16-10-2025 - Kowshika Robinson
Why Europe's Banking Stakeholders Are Concerned About Proposed Amendments to IAS 37 - Provisions
Imagine you run a major European bank. Every year, your government imposes substantial levies—sometimes amounting to hundreds of millions of euros—calculated based on your bank’s assets or activities as measured on a “reference date,” which often falls before the year in which the levy is charged (the “levy year”). Under current accounting rules, you recognize these costs in your financial statements when they become due—typically in the levy year, if your bank is still operating.
Now, new accounting rules under discussion could require you to recognize the entire annual levy much earlier, such as immediately after the reference date, even though your banking business for the levy year has yet to begin and the obligation to pay isn’t final. This lack of alignment between when the cost is recognized and when the banking activity actually occurs is at the heart of ongoing discussions between European banks, regulators, and the International Accounting Standards Board (IASB) over proposed changes to IAS 37, the standard that governs how companies recognize provisions for future costs.
As summarized in the IASB’s review of stakeholder feedback, several stakeholders in the European banking sector[1] expressed concerns that under the proposed amendments, some levies would need to be recognized as provisions earlier than under the current requirements, potentially immediately after the reference date rather than over the year to which the levy relates. This earlier recognition was considered to not reflect the economic substance of the levies, which arise as banks conduct their activities throughout the levy year [IASB Staff Paper - Exposure Draft feedback — Present obligation criterion-past-event condition, June 2025].

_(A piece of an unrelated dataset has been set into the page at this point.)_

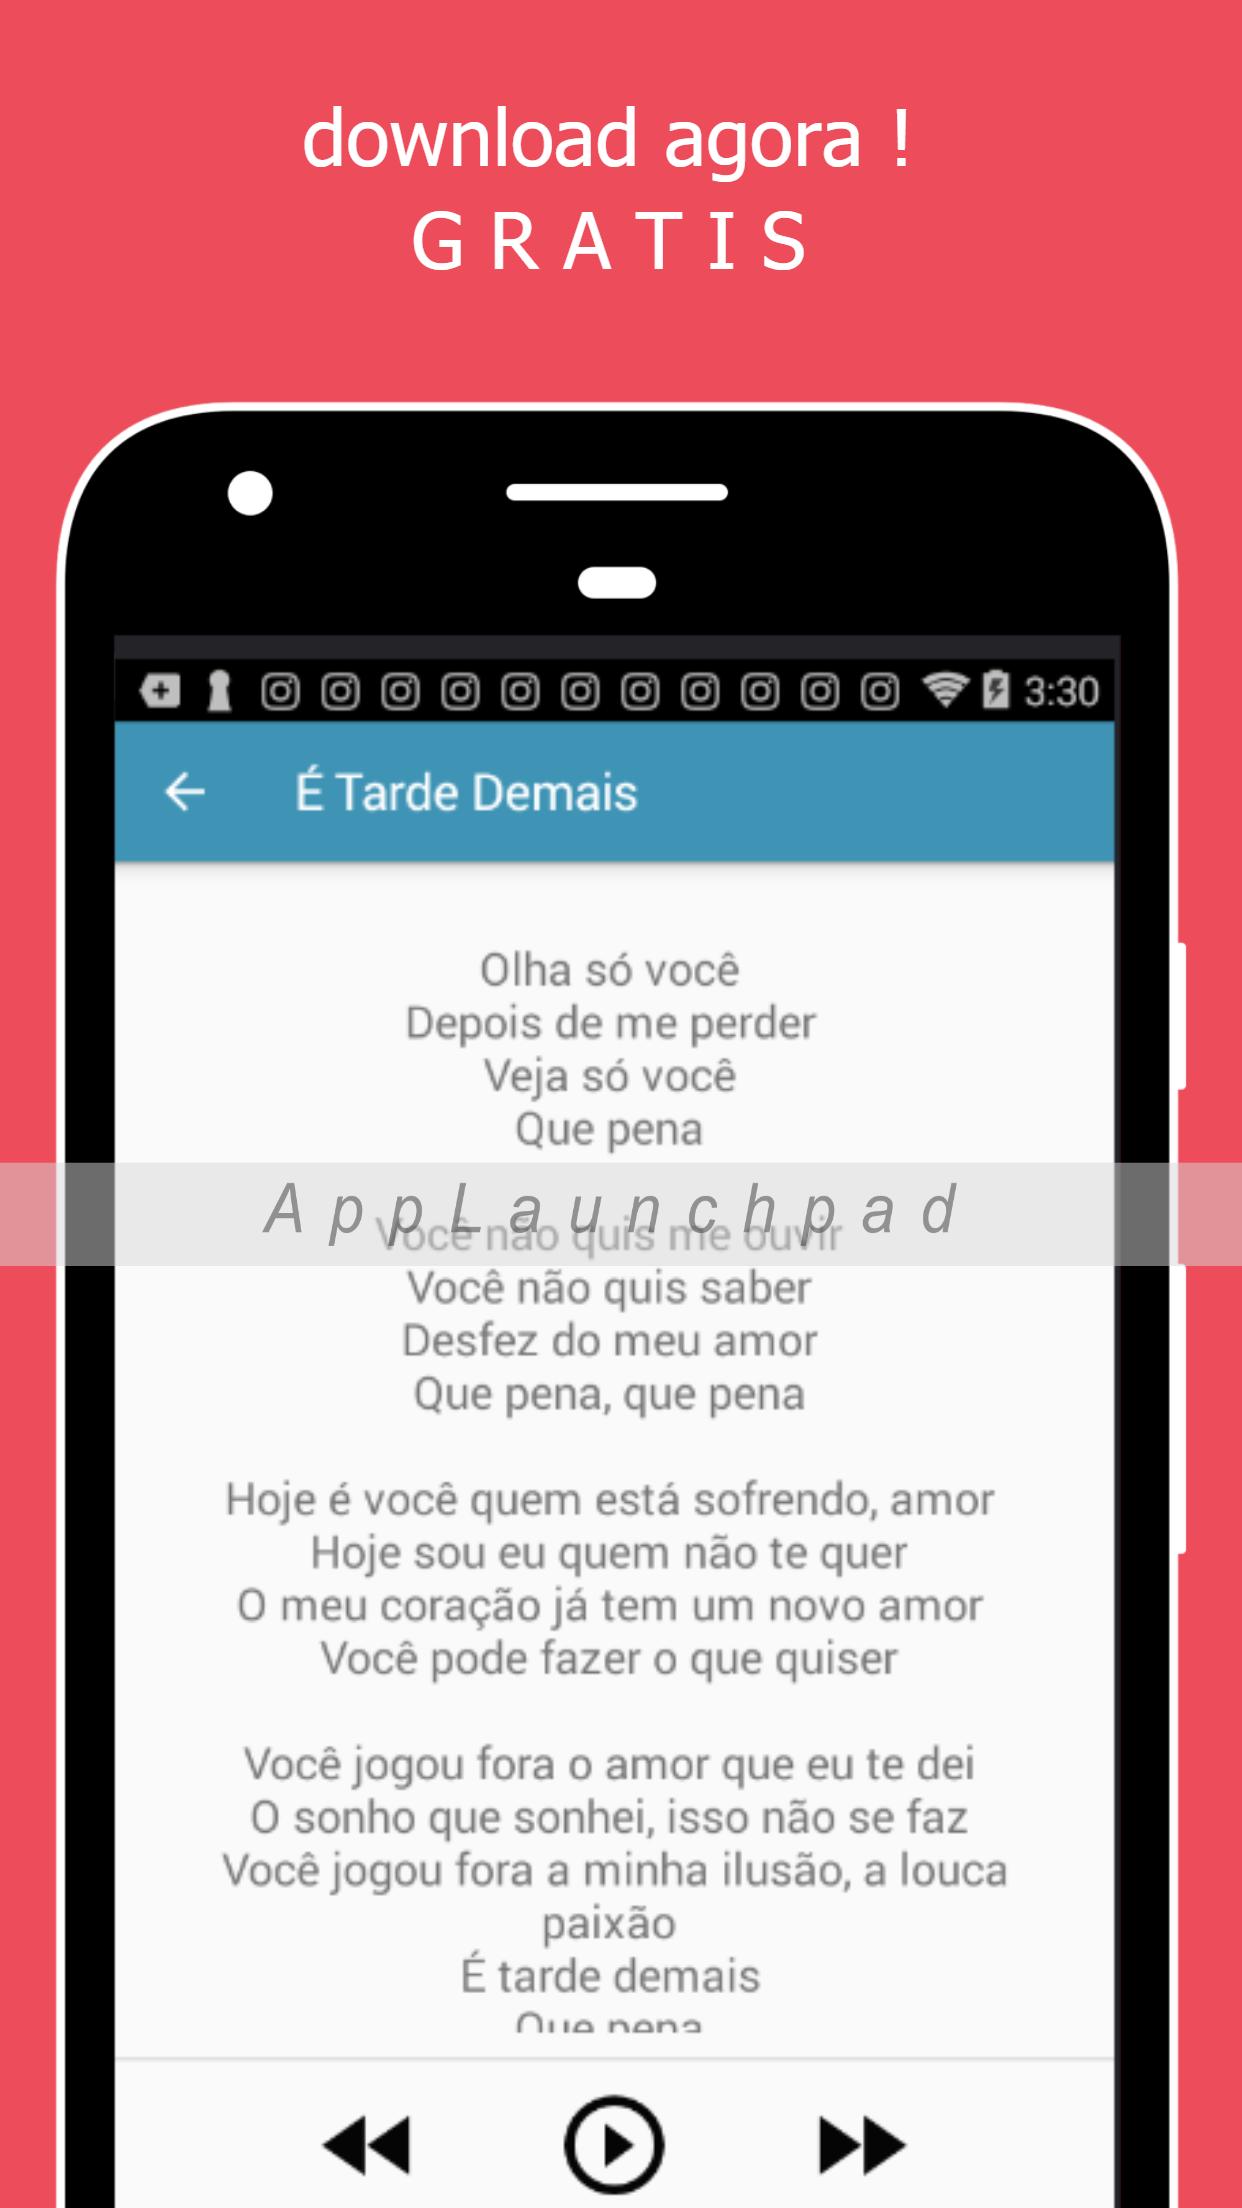 Raça Negra APK für Android herunterladen

To understand the matter in detail, we need to go over the basics.
What Are Provisions and Why Do They Matter?
A provision is essentially a company's acknowledgment that it will need to spend money in the future because of something that has already happened or is happening now. It's like setting aside money for a known future expense, even when you don't know the exact amount or timing.
Common examples help illustrate the concept:
The timing of when these provisions appear on financial statements significantly affects how profitable a company appears in any given period. Recognize a large provision too early, and profits look artificially low. Recognize it too late, and you may mislead investors about future cash flows.
How Levy Provisions Currently Work: The IFRIC 21 Framework
Under existing IFRS accounting rules, specifically IFRIC 21 (an interpretation of IAS 37), companies recognize levy provisions when the "obligating event" occurs—the moment when they become legally required to pay.
Consider, for example Bank A, a European bank preparing its financial statements at year-end. The government of the jurisdiction in which Bank A operates has imposed legislation requiring that any entity operating as a bank on 1 January 2026 must pay a levy based on its assets held as at 31 December 2025.
This regulation creates two distinct elements: (1) the reference date, i.e., 31 December 2025, which serves to measure the levy amount, but does not, by itself, create an obligation to pay, and (2) the levy year, namely 2026, which is the year for which the government charges the levy and in which the obligation to pay arises, conditional on Bank A’s continued operation on 1 January 2026.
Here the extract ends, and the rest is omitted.